GMP / big-number libraries. GNU MP multiplies multi-thousand-digit integers by graduating through schoolbook → Karatsuba → Toom-3/Toom-4 → FFT (Schönhage–Strassen) as operand size grows, with thresholds tuned per CPU. The FFT path uses NTT-style modular transforms to stay exact; the carry-propagation pass after convolution is fused for cache locality. Lesson: there is no single best multiplier — the right one depends on size, and FFT only earns its keep past a (large) threshold.

Competitive programming. Problems stating "modulo 998244353" are signalling NTT: the modulus is 119·2²³+1, supporting transforms up to 2²³. A typical solution convolves two polynomials of degree ~10⁵ in well under a second. When the modulus is 10⁹+7 (not NTT-friendly), the idiomatic fix is a triple-prime NTT plus CRT, or arbitrary-modulus NTT with coefficient splitting — both standard library snippets.

Audio/DSP pipelines. Real-time filters convolve a streaming signal with a fixed kernel using overlap-add: the kernel's FFT is precomputed once, each input block is transformed, multiplied, and inverse-transformed, with block tails added. Here double precision is more than adequate (audio is ~16–24 bits), so complex FFT is the right tool and NTT would be overkill. Lesson: match the transform to the exactness requirement — exact/modular → NTT, approximate real signals → complex FFT.

Cryptography. Lattice-based schemes (e.g. Kyber, Dilithium) perform polynomial multiplication in ℤ_q[x]/(x^n+1) using a negacyclic NTT with carefully chosen q and roots. The transform is the performance-critical inner loop, hand-vectorized with AVX2/NEON and Montgomery reduction. Lesson: at the extreme, the FFT/NTT is the hot path and every constant-factor optimization (reduction scheme, memory layout, SIMD width) matters.


10. Summary

Pre-ship checklist

  • Padded to next_pow2(len(a)+len(b)−1) — no aliasing.
  • Inverse 1/n (or n⁻¹ mod p) applied exactly once.
  • Precision budget n·C²·log n·ε < 0.5 verified, or NTT chosen.
  • NTT prime/root pair asserted (n | p−1, g primitive, ω^{n/2} ≡ −1).
  • Output sliced to len(a)+len(b)−1.
  • Differential test vs schoolbook oracle + round-trip identity passing.
  • Work buffers reused, roots precomputed (no per-call allocation in hot paths).
  • For arbitrary modulus M: recover true coefficient (CRT) then reduce mod M.

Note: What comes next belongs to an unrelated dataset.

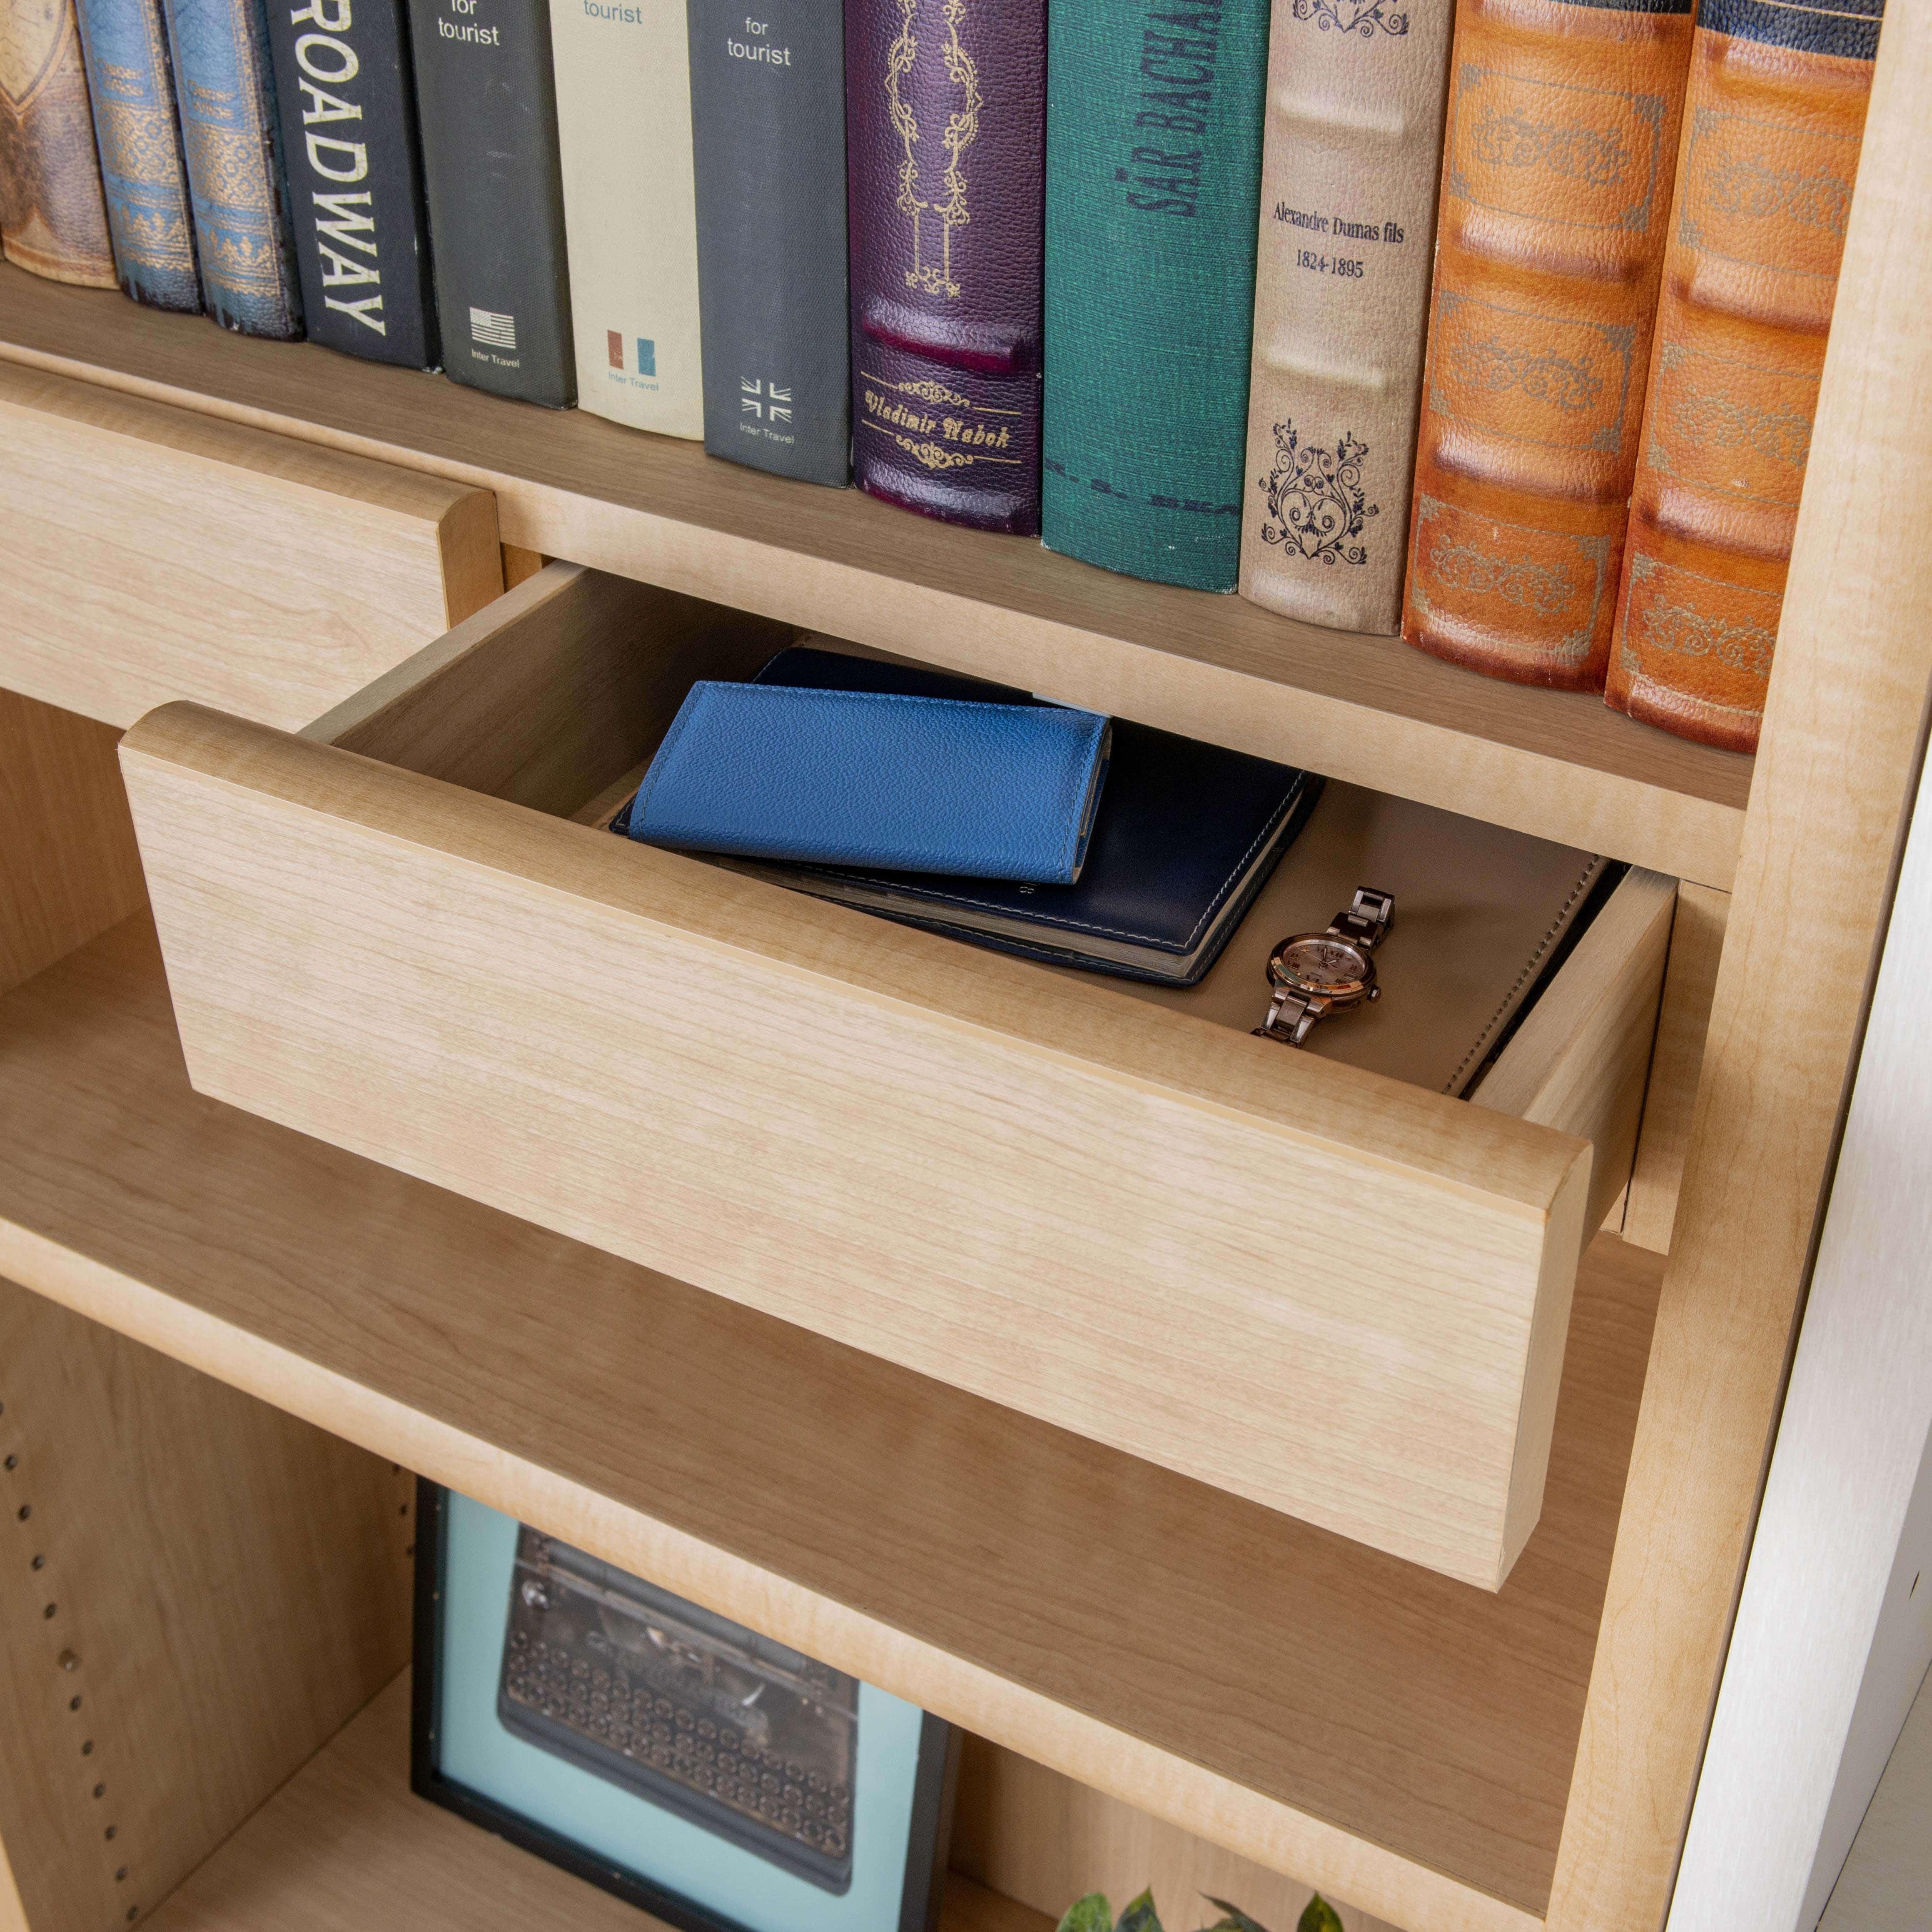 小島工芸 書棚 アコード80H(チェリーナチュラル):収納の幅を広げるオプション引き出し

Senior FFT work is about guaranteeing correctness at scale. The core engine — pad, transform, pointwise multiply, inverse-transform — never changes, but the production decisions do: bound the floating-point error (~ n·C²·log n·ε < 0.5) and split coefficients or move to NTT when it's exceeded; choose FFT vs NTT by whether exact/modular results are required; pad to a power of two ≥ len(a)+len(b)−1 to avoid cyclic-convolution aliasing; pick NTT-friendly primes (998244353 = 119·2²³+1, g=3) and combine multiple primes via CRT for arbitrary moduli; and engineer the transform in place with precomputed roots for cache efficiency. Above all, test differentially against a schoolbook oracle and a round-trip identity — they catch the padding, scaling, and butterfly bugs that the asymptotics hide.